Given records >>
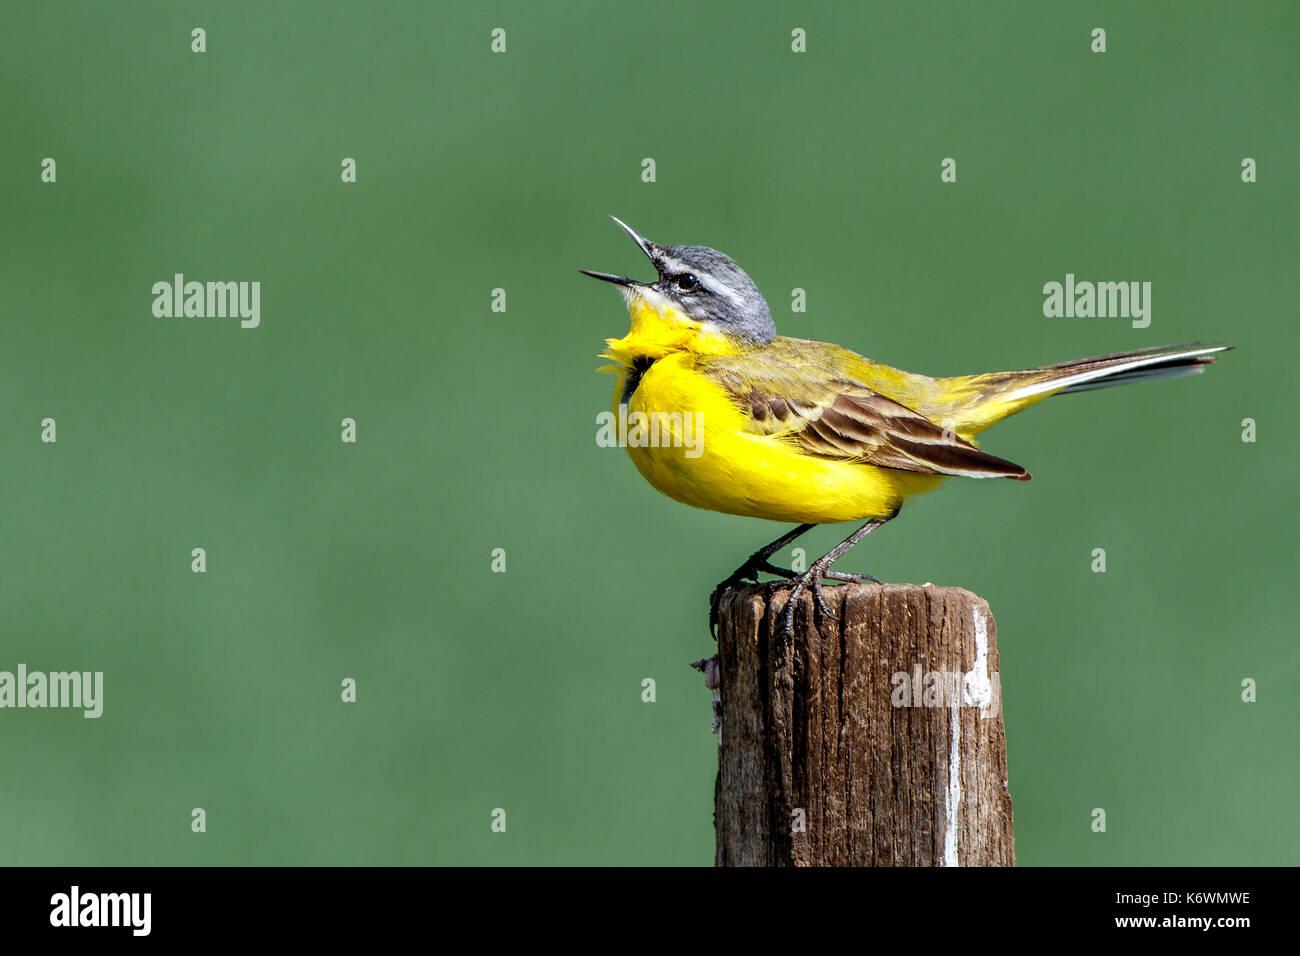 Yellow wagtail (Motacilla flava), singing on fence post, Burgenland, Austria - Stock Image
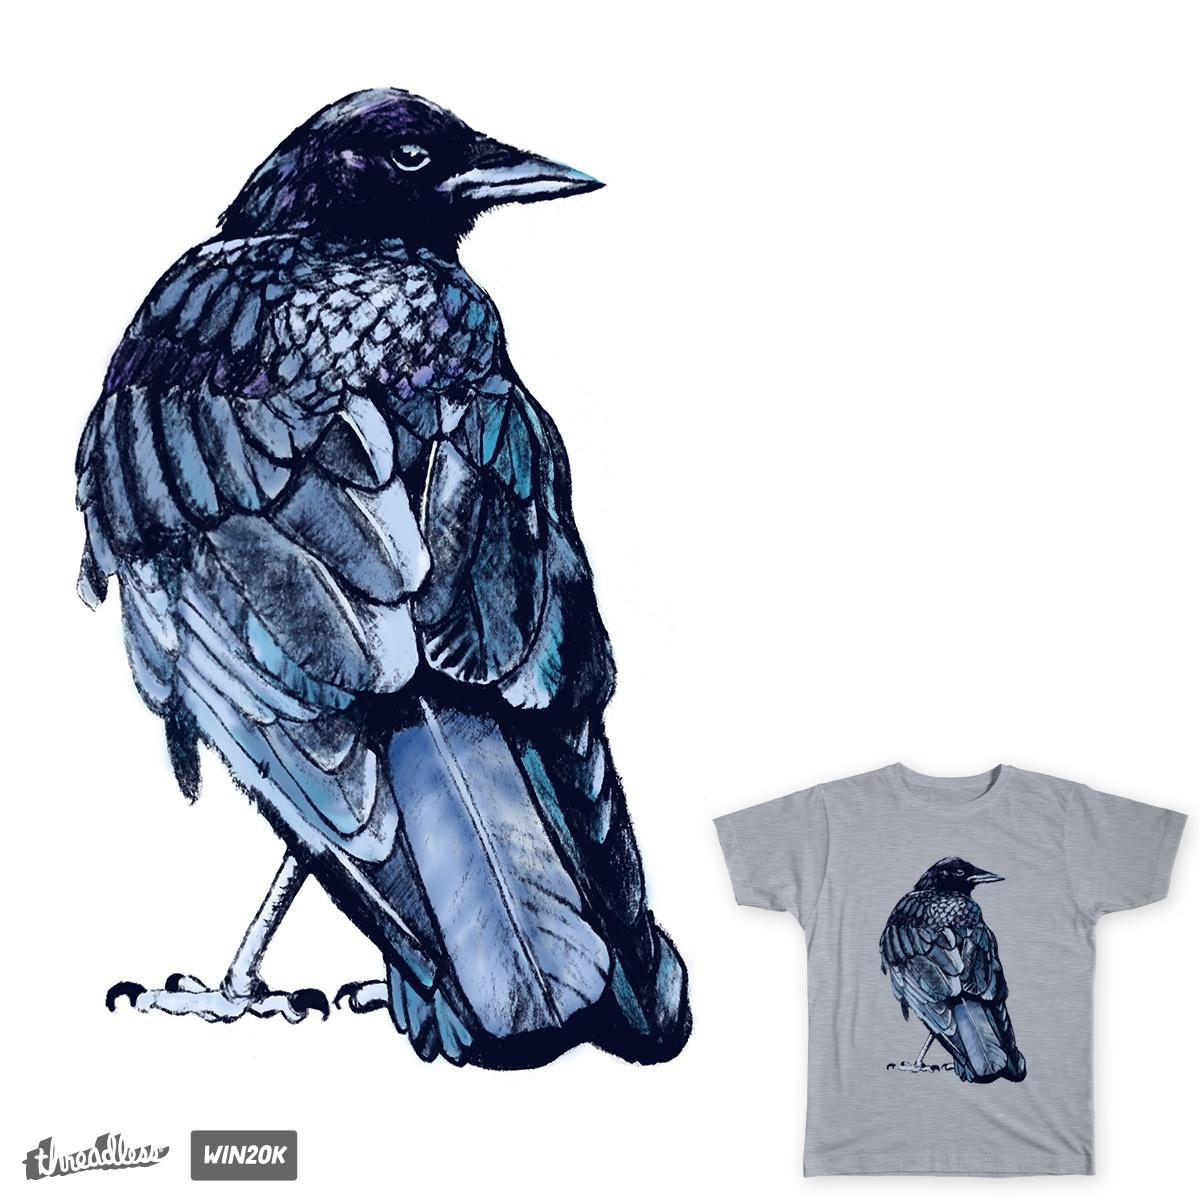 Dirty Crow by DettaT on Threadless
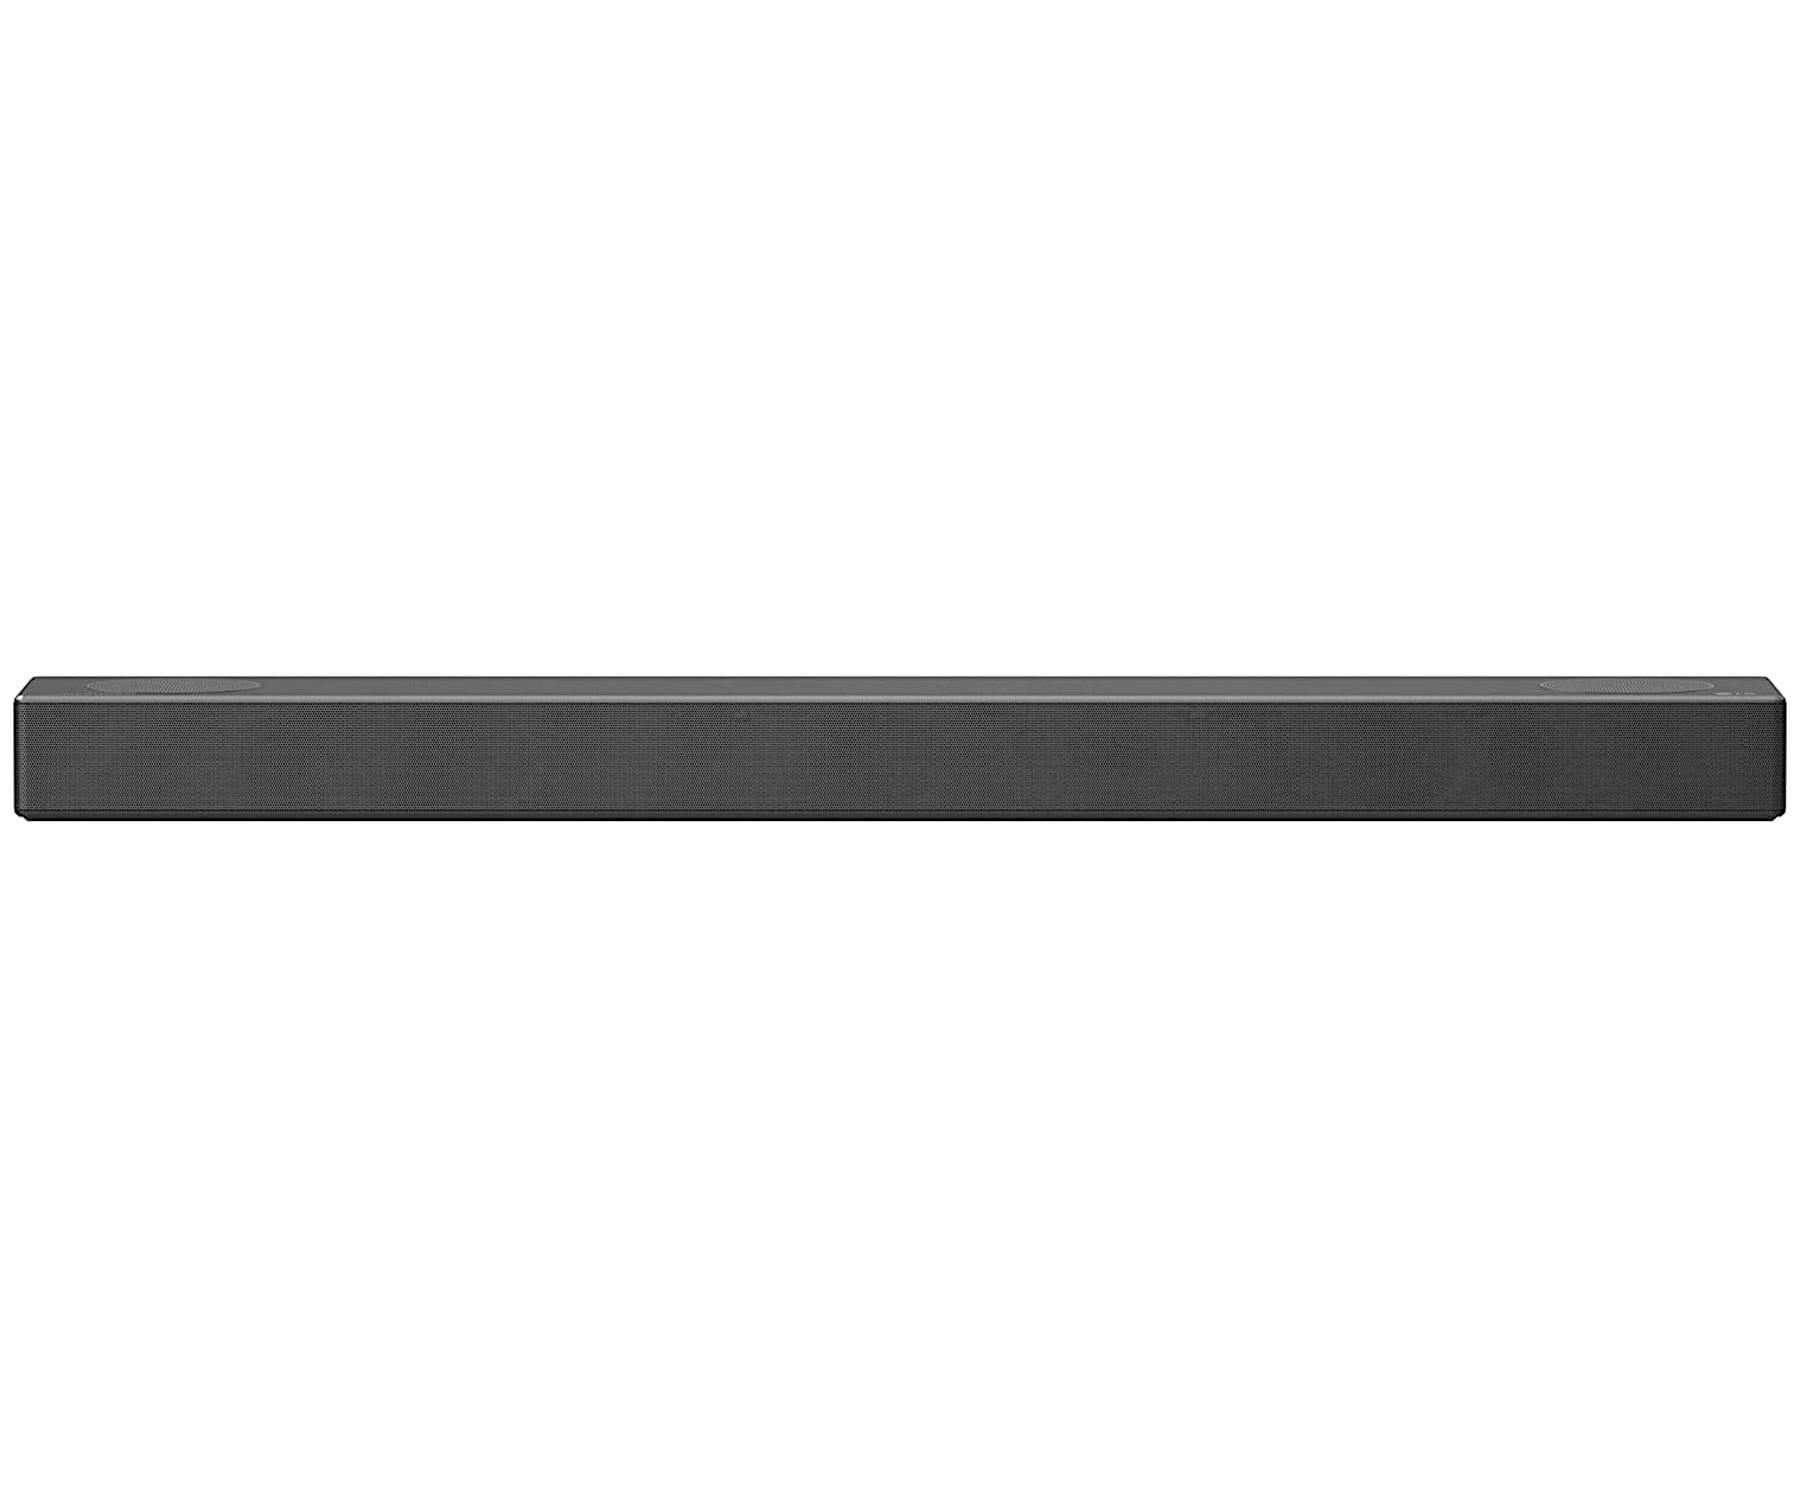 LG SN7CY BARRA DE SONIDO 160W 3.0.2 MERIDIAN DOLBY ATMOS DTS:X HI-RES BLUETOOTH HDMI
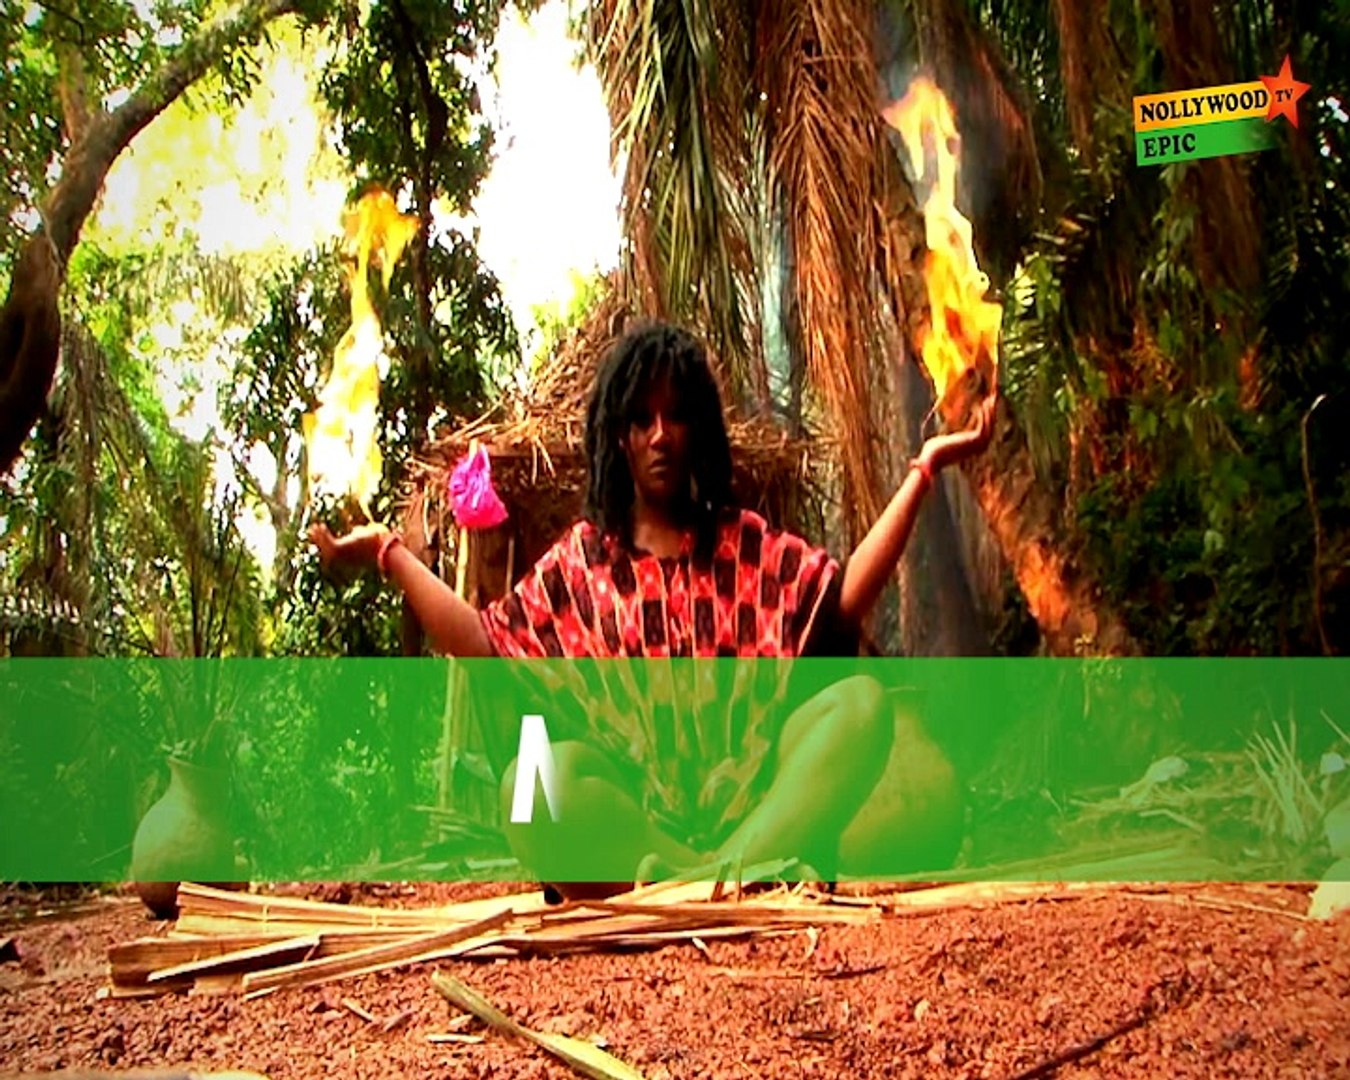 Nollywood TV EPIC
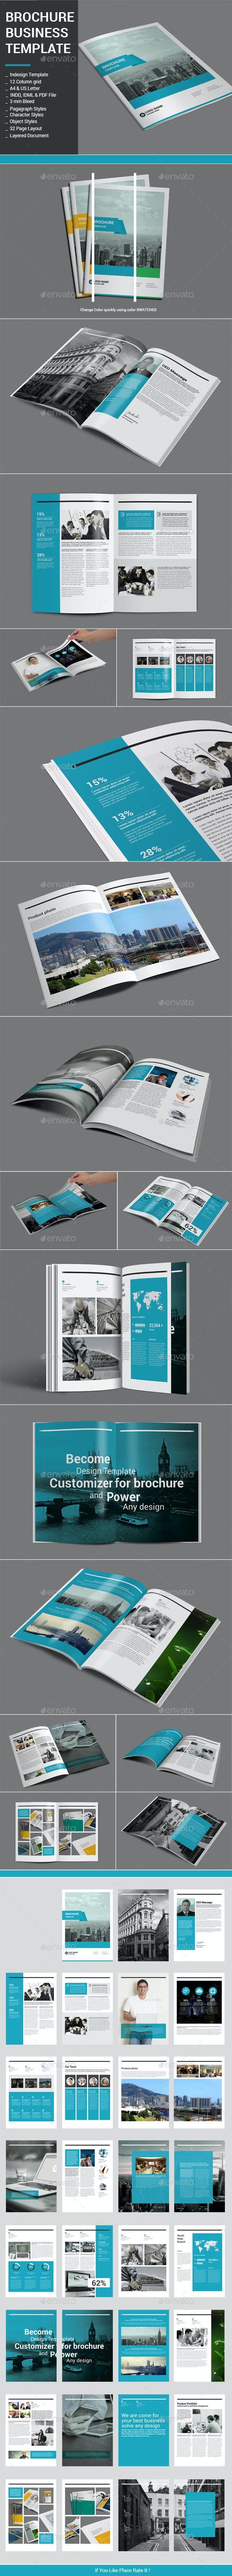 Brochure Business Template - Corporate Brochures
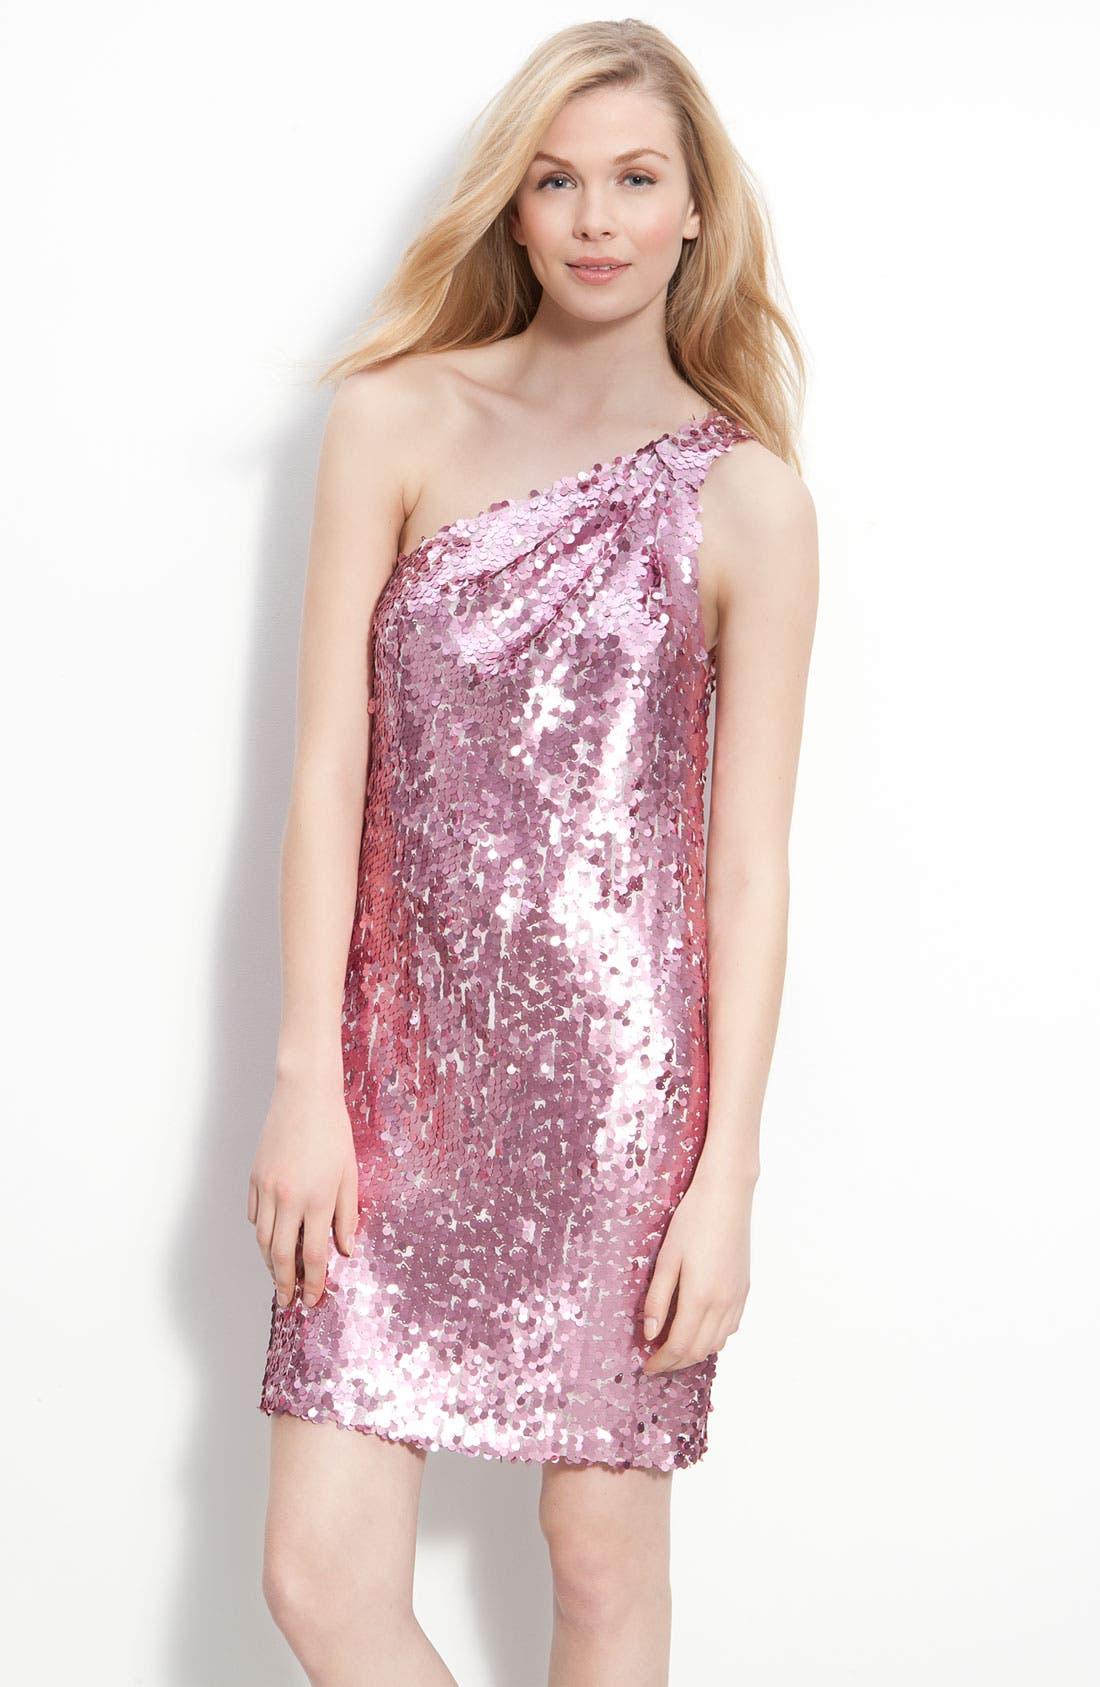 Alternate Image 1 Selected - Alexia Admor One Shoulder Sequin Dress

Work order >> Repeat verbatim the lines from the one holding "Brochure Business Template" through the end of the listing above, both ends included, but not the pictures.

Worked solution >>
 Brochure Business Template - Corporate Brochures
 Alternate Image 1 Selected - Alexia Admor One Shoulder Sequin Dress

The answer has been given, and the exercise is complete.